Thoughts on "Via Dolorosa": Part 2

Apparizione della Madre (fourth station), oil on canvas

60" x 48", Rico '16

There is an inner light, largely unseen but not truly invisible.  I believe we are born with it.  It starts brightly because it is strong, perhaps not too far from wherever it originates. 

Resilience and transcendence are largely defined after the fact.  They need a baseline against which to be quantified, and the baseline often takes the form of crushing failure, loss, or defeat.  So there can be no true transcendence without profound loss, and loss/failure/defeat are not things to be feared.  Looked at this way, failure (and the like) offers us an opportunity for transcendence.  Resilience in the face of loss and disappointment is what enables us to define ourselves separate and apart from whatever event life throws our way.  Simply put, this is because resilience empowers us to write our own narratives. 

I got interested in the Stations of the Cross when I saw Barnett Newman’s collection of paintings by the same name in the National Gallery.  I love the story because it begins from a place of defeat and moves through agony, humiliation, loss and brutality and eventually to transcendence.   I’ve tried on a few occasions to tackle the theme in a series of paintings, but the time wasn’t right or the work wasn't there.  When I saw the Narthex gallery at St.

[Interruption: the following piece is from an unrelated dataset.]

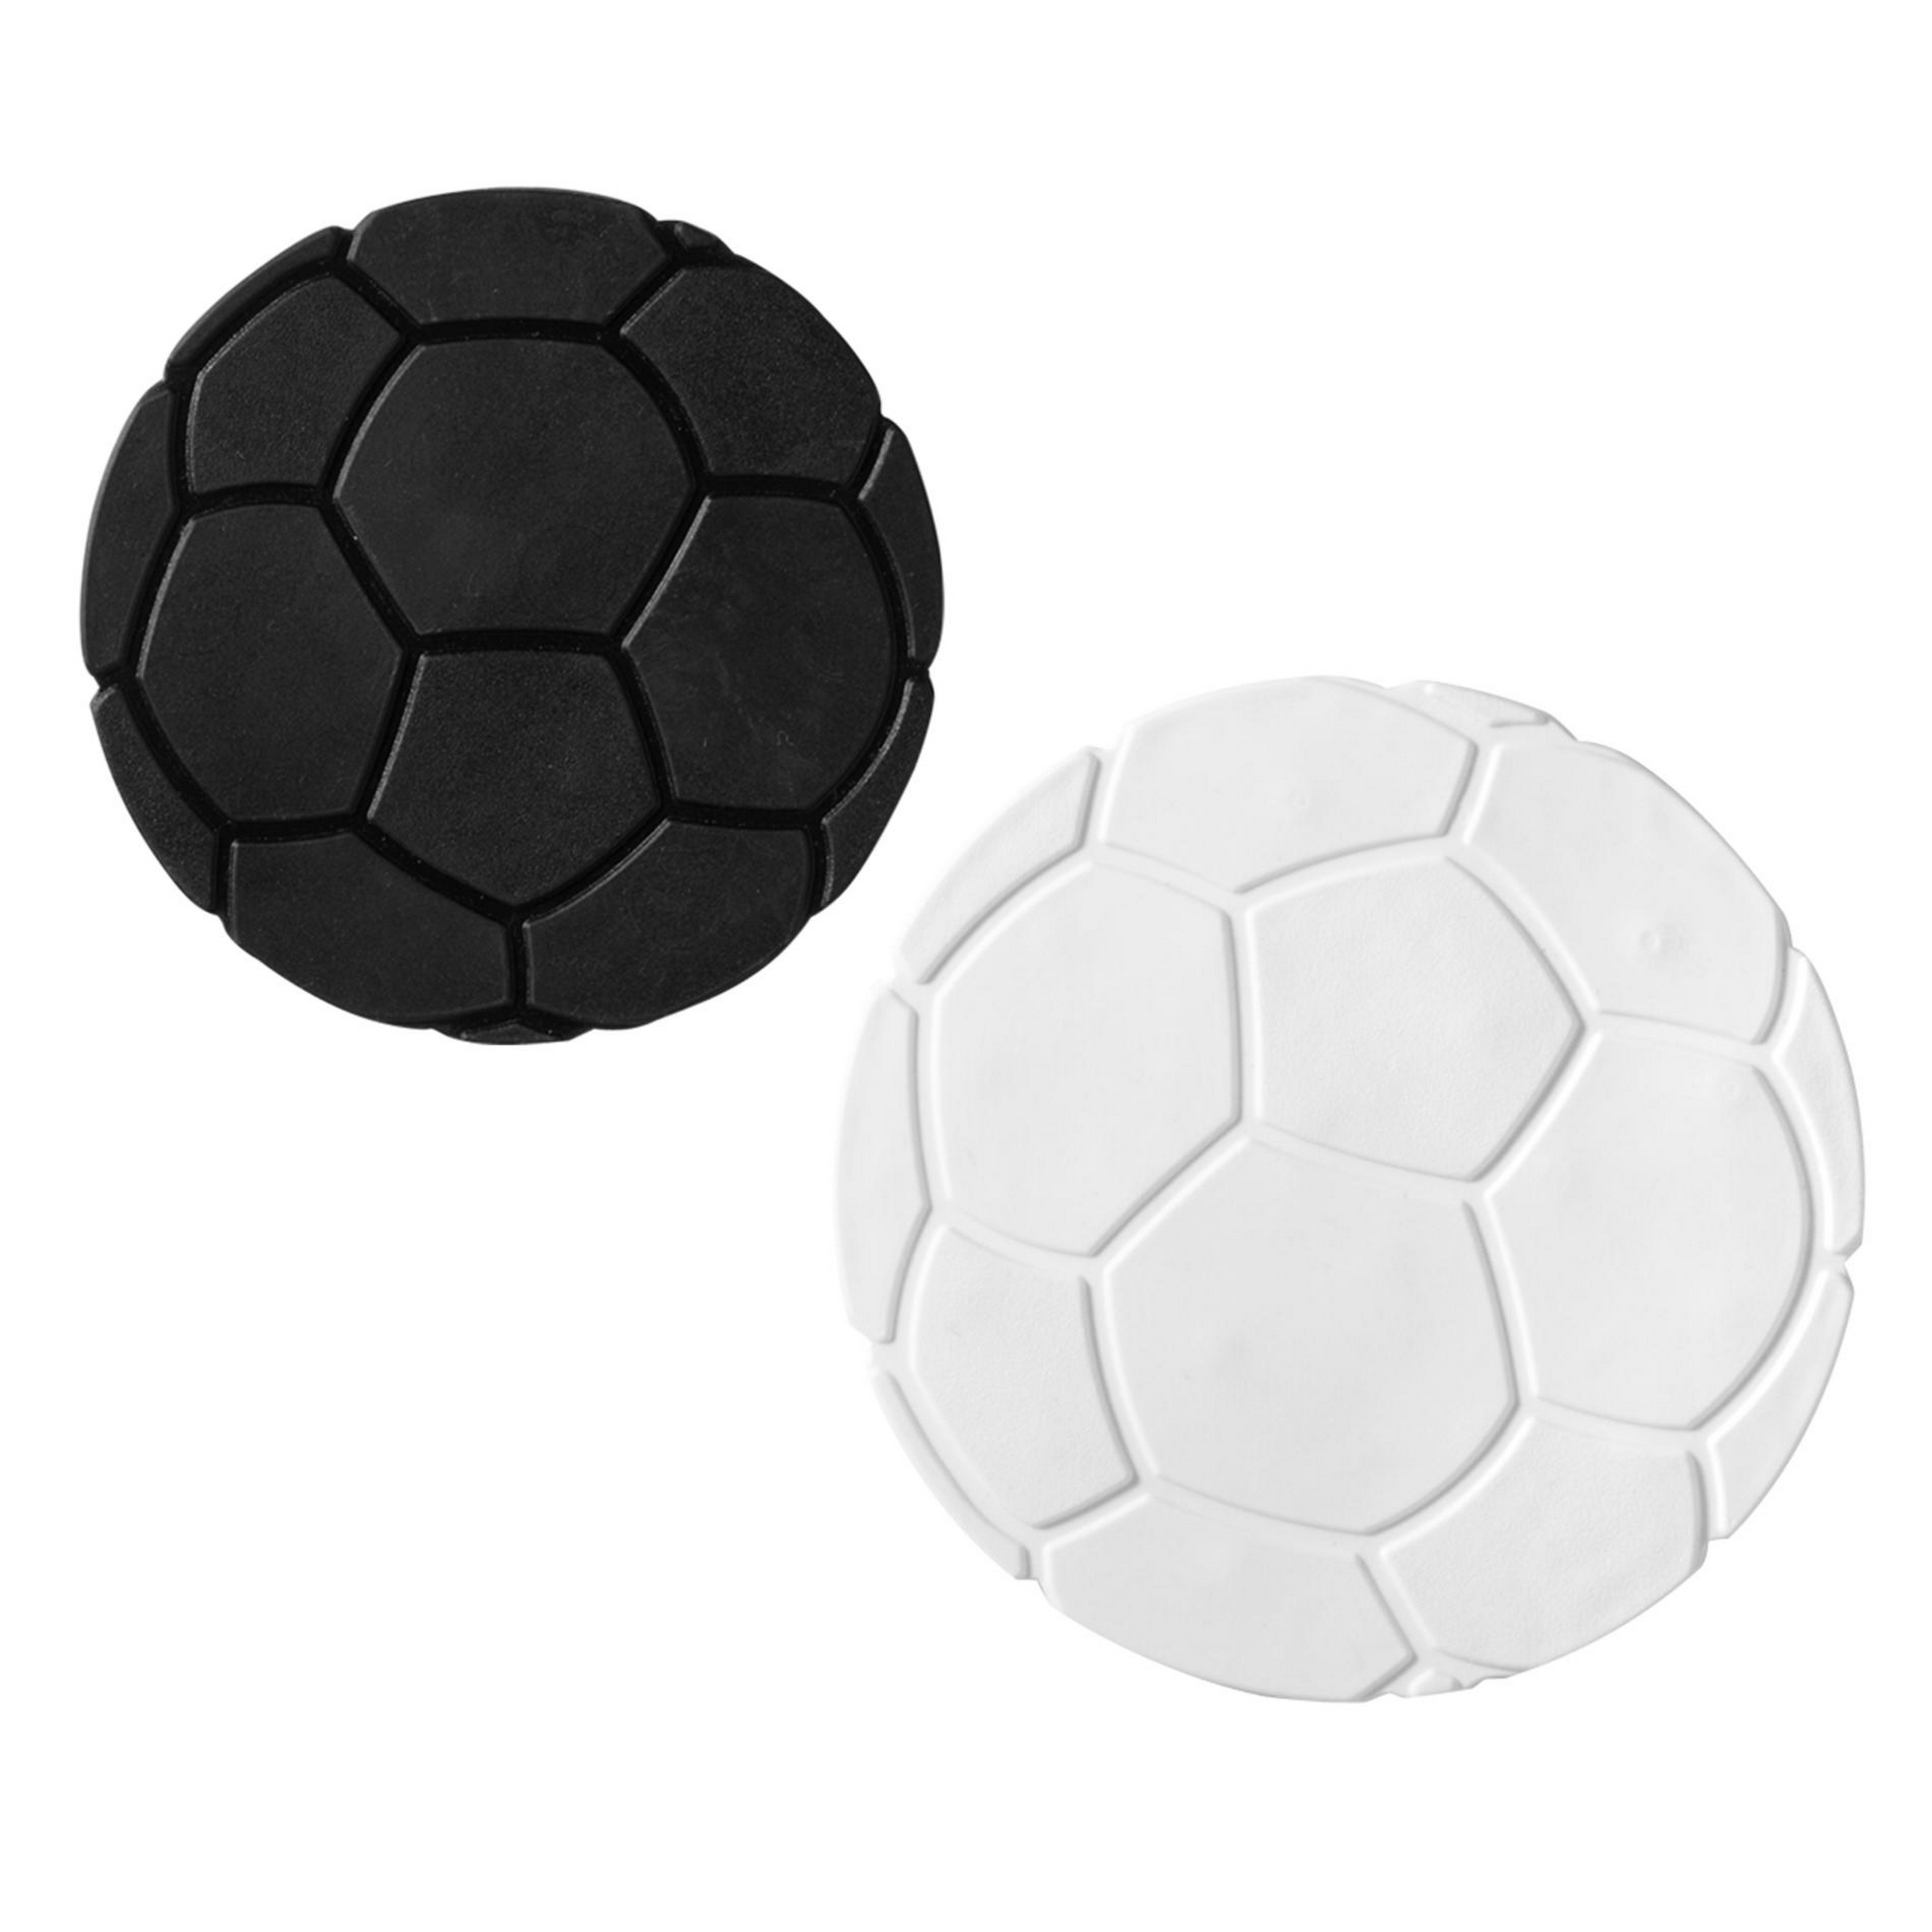 Dusch- und Wanneneinlage 'XXS Fußball' weiß/schwarz Ø 10 cm, 6 Stück + product picture

Peter’s, I knew that if I ever had the opportunity to exhibit there I wanted to do the stations.

My style (if one can call it that) of painting is not about depicting events or trying to visually represent people or places or even actions.  This, combined with the fact that I consider myself secular, set up an interesting set of problems before the first paint ever hit the first surface.

I was born into the era of pop art.  Though I’ve learned to appreciate some of it, overall I find it either nihilistic or cheeky, and these are not the places from which I approach art personally.  I’m unabashed in believing that one of the reasons art exists and continues to endure is because it speaks to the spiritual, the universal, and the primordial.  It has the power to give image to that which exists unseen, voice to that which is unheard, and substance to that which we perceive as intangible.   These things are the measure of a culture long after civilization dissolves and fades away.  Empires rise and fall, but their greatness is only truly assessed after they crumble into dust and we sift out the artifacts of their culture.

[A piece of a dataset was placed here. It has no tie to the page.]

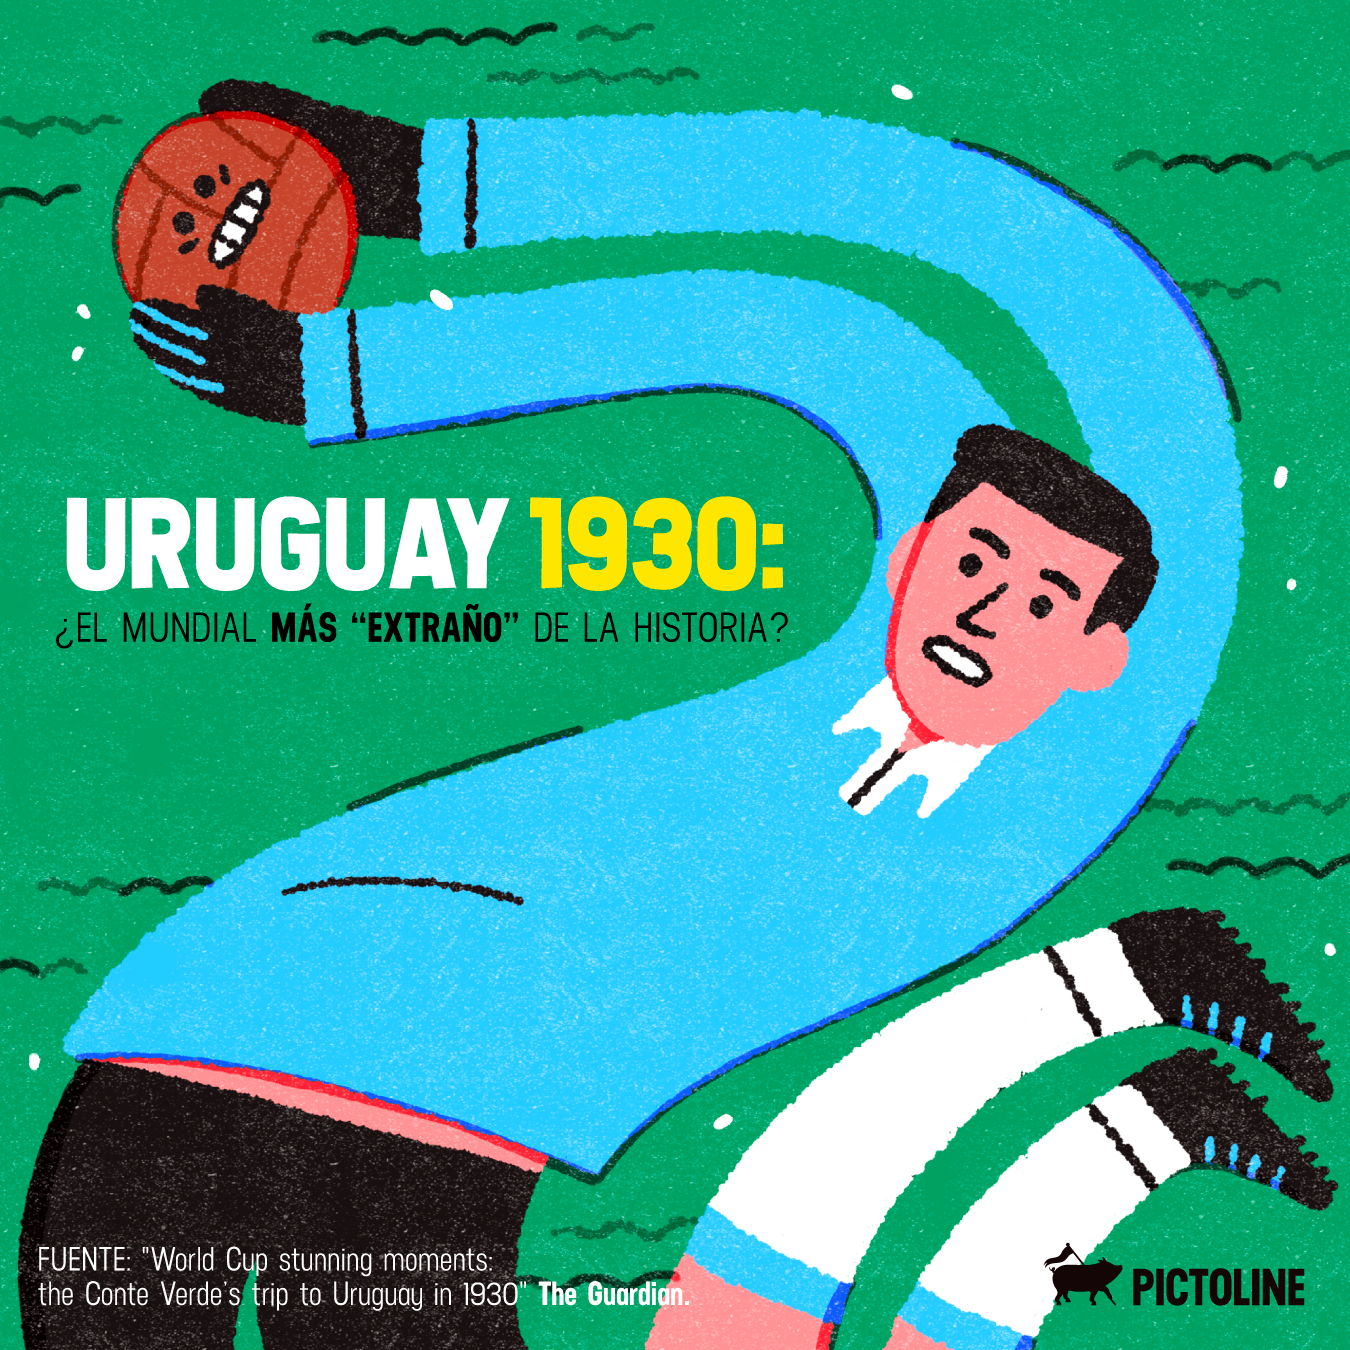 Cabezazos 💥 espontáneos en la cancha 🏃 goles con la mano 👀Los Mundiales están llenos de cosas raras, pero el de Uruguay 1930 🇺🇾 es considerado el más “extraño” de la historia:

What is vital to me is twofold: one, that I have to keep my channel open to the singular expression that is uniquely my own when making the work.  When doing this, the process is less about creating and more about discovering.  This is a much more rewarding and, dare I say, enduring perspective to adopt in the studio when making work.  Two, that the audience make the work their own, truly their own.  The former is achieved through artistic practice; the latter can only be approached through mindfulness and openness without attachment.   I’ve found that attachment is often an impediment to creativity.  Non-attachment frees the soul in a way that transmits energy to the hands in making.


So this body of work is increasingly (as I am writing this in the making of it) about that inner light.  The light which is, at times, enveloped in darkness and the Void, but somehow manages to reach us and reach others through us.  As I continue to make these paintings I am experiencing unexpected emotional depths and changing perceptions.